STORED DATA START

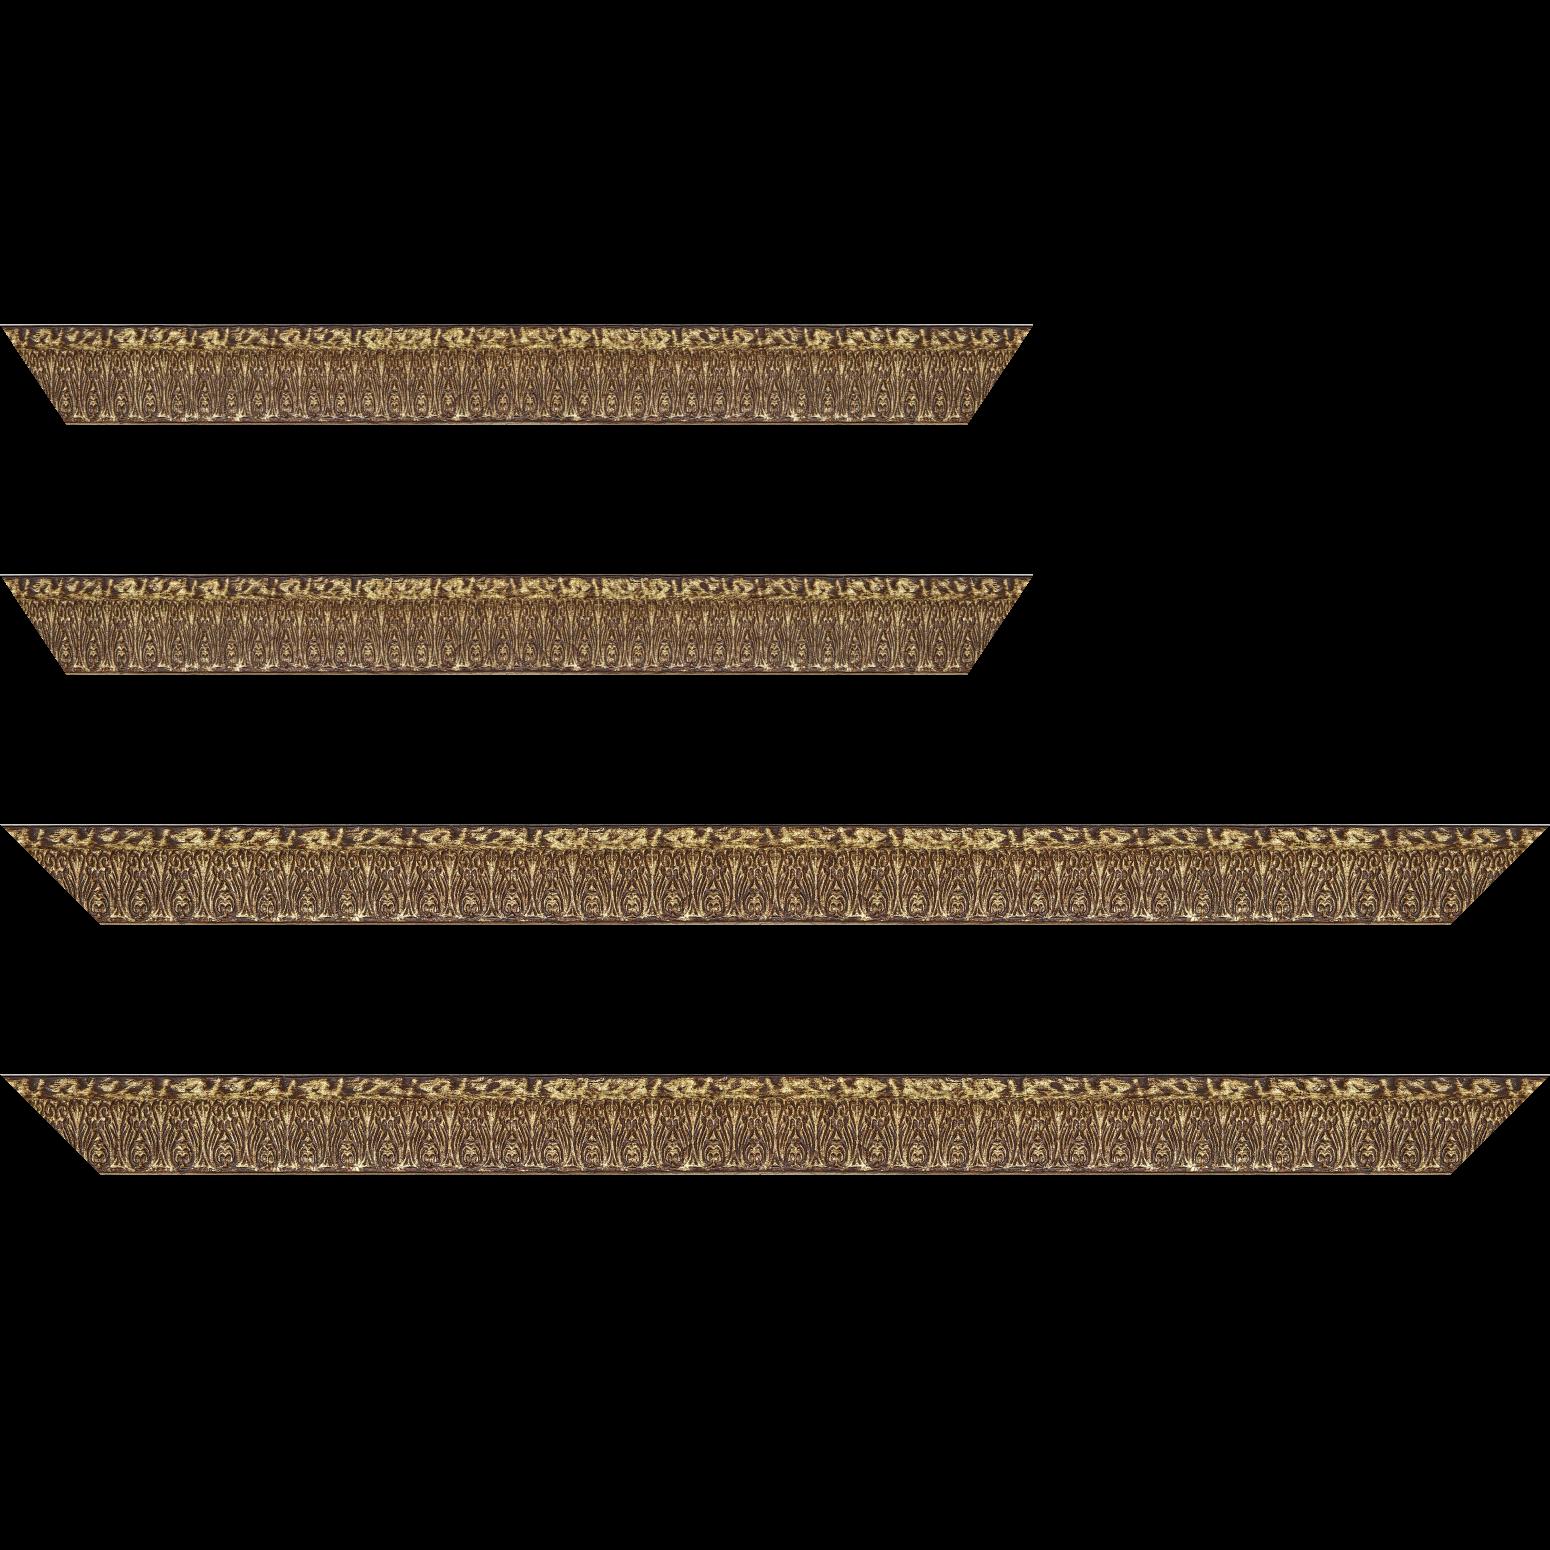 Baguette service précoupé Bois profil incurvé largeur 3cm or antique vieilli à la feuille style
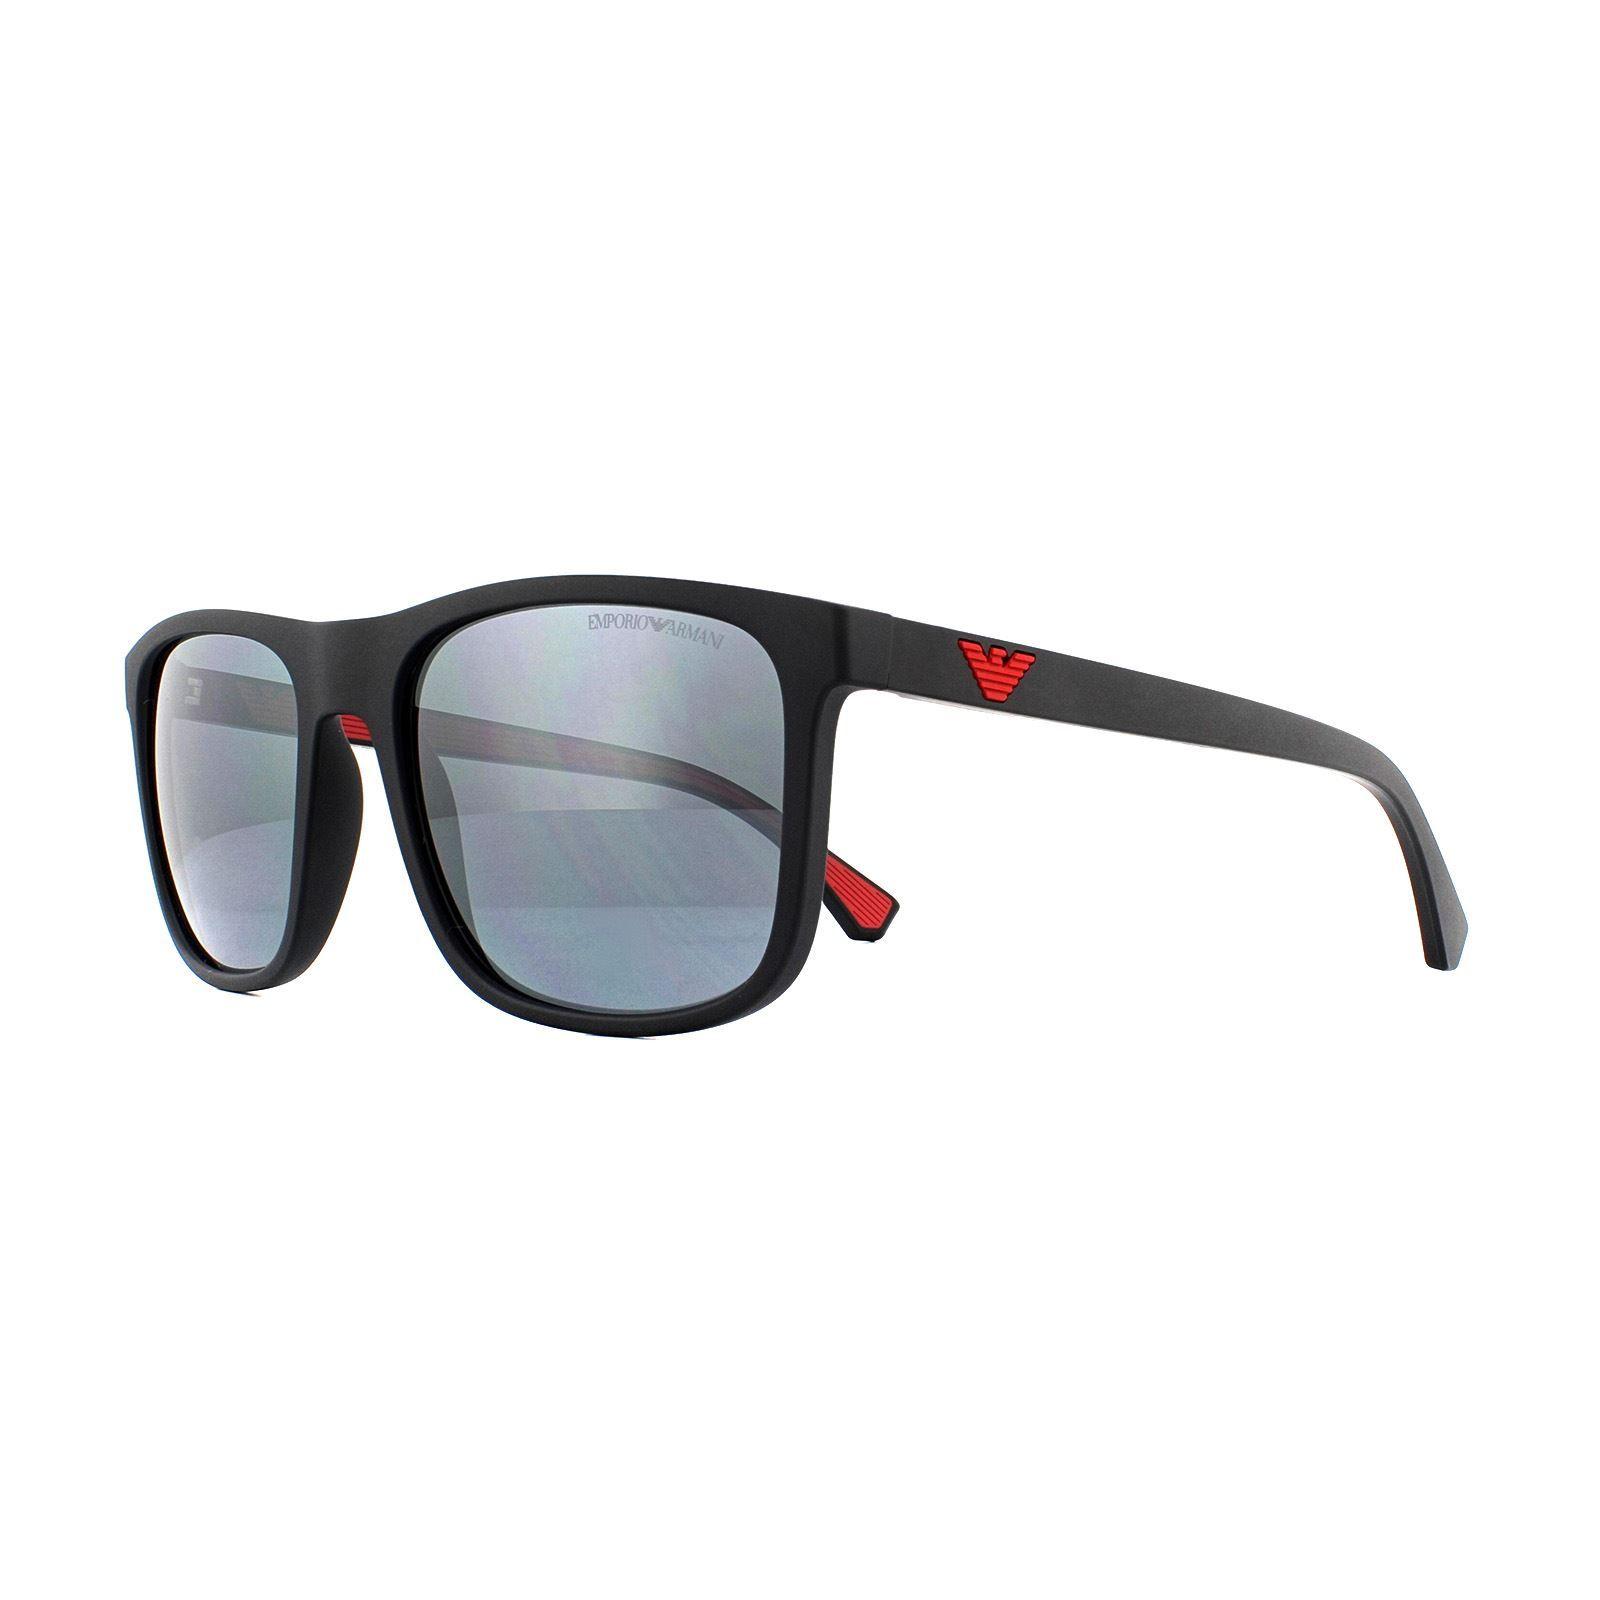 Emporio Armani Sunglasses 4129 50016G Matte Black Light Grey Mirror Black
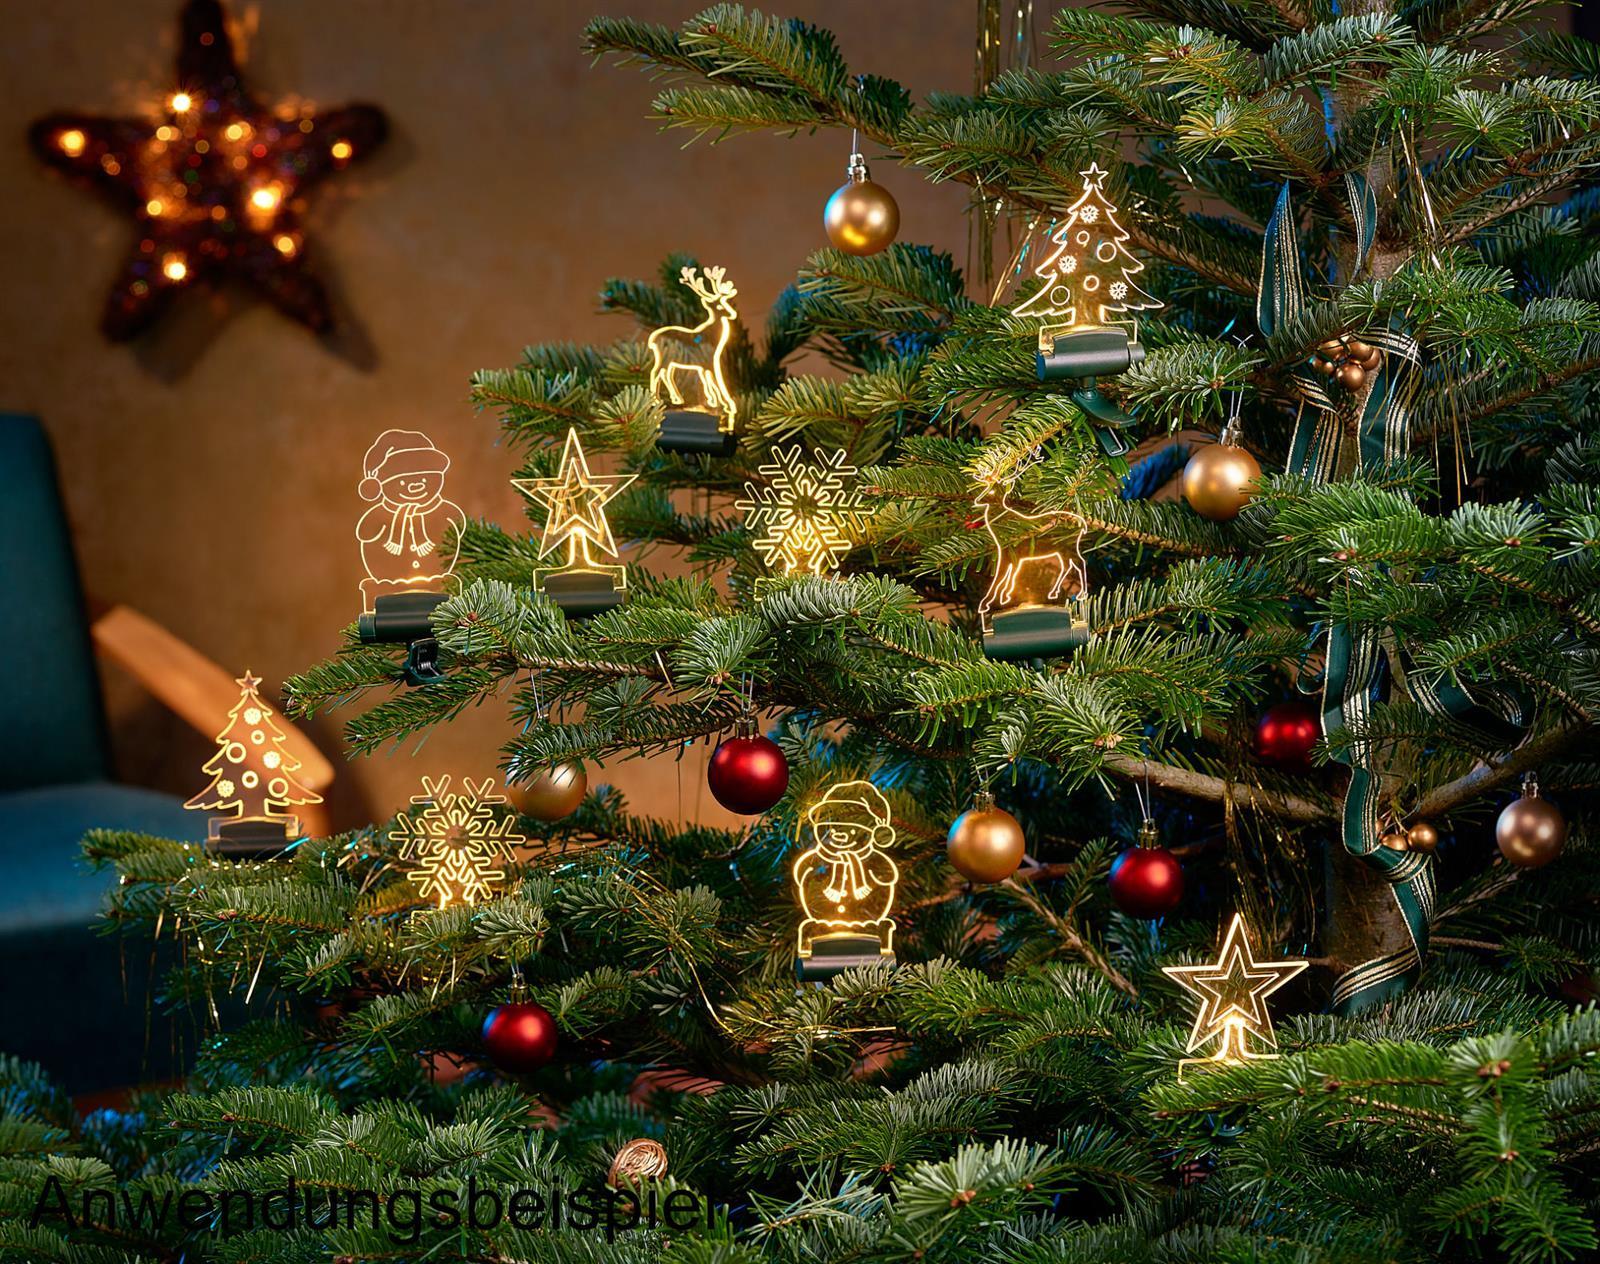 Acryl-Figuren Weihnachtsfiguren warm-weiß beleuchtet Weihnachtsbaum Deko Fenster

STORED DATA END

▶ **PROBLEM REQUIREMENTS**:
Restate the data word for word and exclude every picture.

▶ **WRITTEN RESPONSE**:
 Baguette service précoupé Bois profil incurvé largeur 3cm or antique vieilli à la feuille style
 Emporio Armani Sunglasses 4129 50016G Matte Black Light Grey Mirror Black
 Acryl-Figuren Weihnachtsfiguren warm-weiß beleuchtet Weihnachtsbaum Deko Fenster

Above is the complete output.